Macquarie science reform movement refers to the successful
transformation of the degree system at Macquarie University in 1979
which followed an academic and political campaign initiated in 1977.

Macquarie University, founded in 1964, adopted a degree structure
modeled after the Oxbridge tradition where all graduating students
were awarded a BA regardless of their field of study, with the
exception of law students.

Many science students saw this as a disadvantage
and began to mobilize for reform of the degree structure. Thus, in
1977 a student organization, known as Students for a Science Degree
(SSD), was formed with physicist Frank Duarte as chairman. SSD enlisted the
support of science students, student politicians, science
academics, and professional science institutions.

Among the senior science professors that openly supported the SSD led reform movement were
Ronald E. Aitchison (Electronics), Frederick Chong (Mathematics), Brian F. Gray (Chemistry), John G. Hawke (Chemistry),
Richard E. B. Makinson (Physics), Ronald H. Vernon (Geophysics), and John C. Ward (Physics). Support was particularly strong at the former school of Mathematics and Physics.

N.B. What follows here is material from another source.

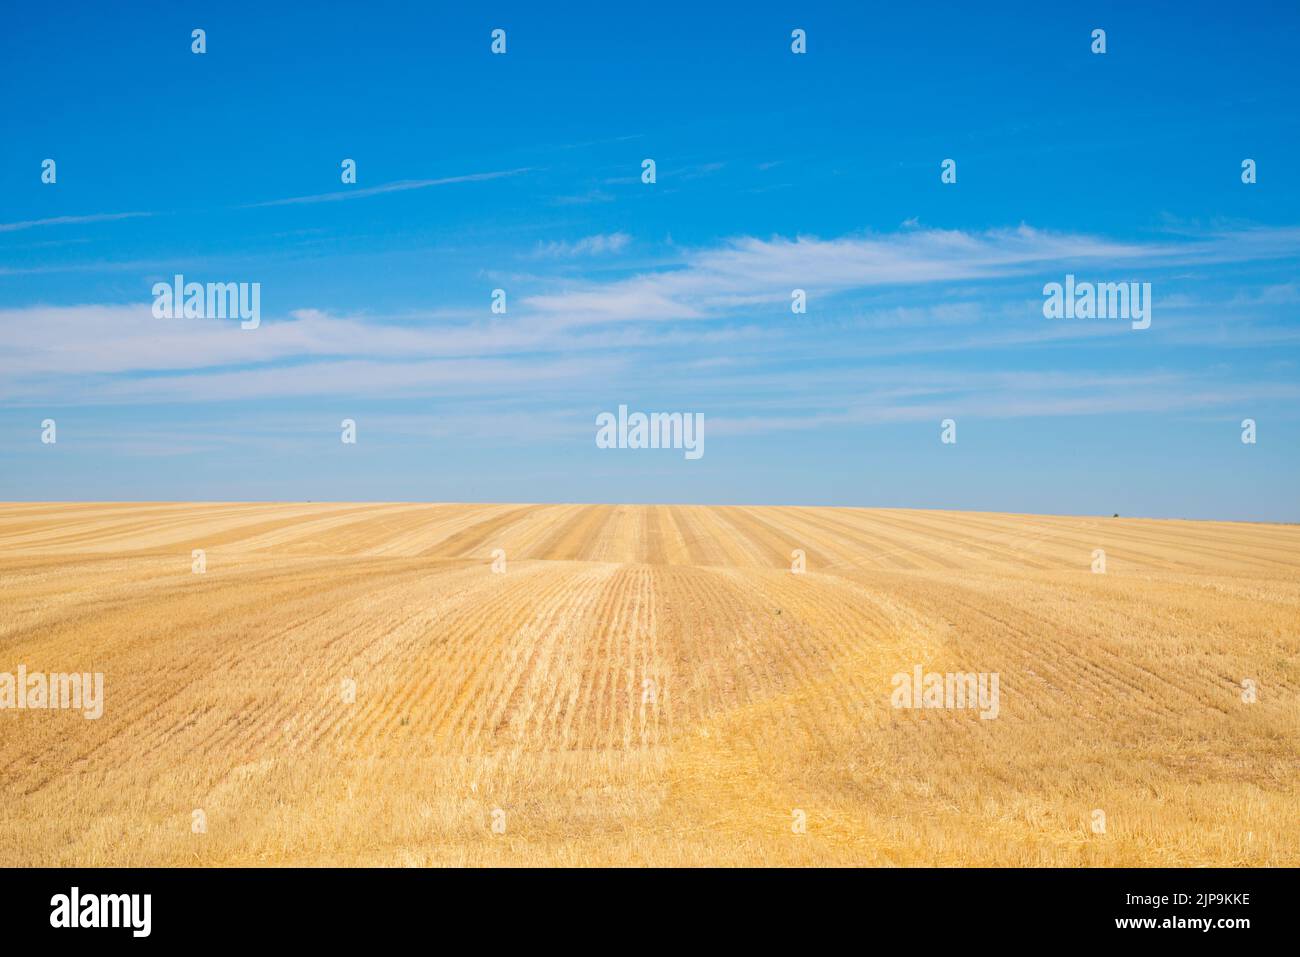 Harvested field. Stock Photo

The BSc campaign lasted almost two years, and most of it is documented in the Arena student newspaper. In 1977 a front page newspaper article read: "A student revolt is underway at Macquarie University against an outmoded degree system." The campaign wound down only when the Academic Senate of Macquarie University approved, almost unanimously, a science degree (BSc) on 11 September 1979.

A perspective on the science reform movement is given in the book Liberality of Opportunity which was co-authored by Bruce Mansfield, a former professor of history and Deputy Vice-Chancellor of the University. In this account it is subtly implied that the reform movement might have been under the tutelage of J. C. Ward: "Ward was vocal in his denunciation of the trivia that filled up Senate agendas… suitably then, it was a close student associate of Ward’s, physics PhD student Frank Duarte, who began to mobilize student opinion in favor of a change." This suggestion of influence is not corroborated in any of the numerous contemporaneous articles on the subject. Besides, Ward’s own description of events states that: "there arose quite spontaneously from the students themselves a demand that they be allowed to graduate as Bachelor of Science." His account gives no hints of tutelage, or influence, on the student leadership, when "the sciences revolted."

In 1980, Greg Sheridan described the duel between the sciences and the Macquarie establishment as a "nasty, bitter bureaucratic struggle" won by the reformers and their allies.

Back to the present: Macquarie University offers about ninety (90) named undergraduate degrees in addition to the original BSc introduced in 1979.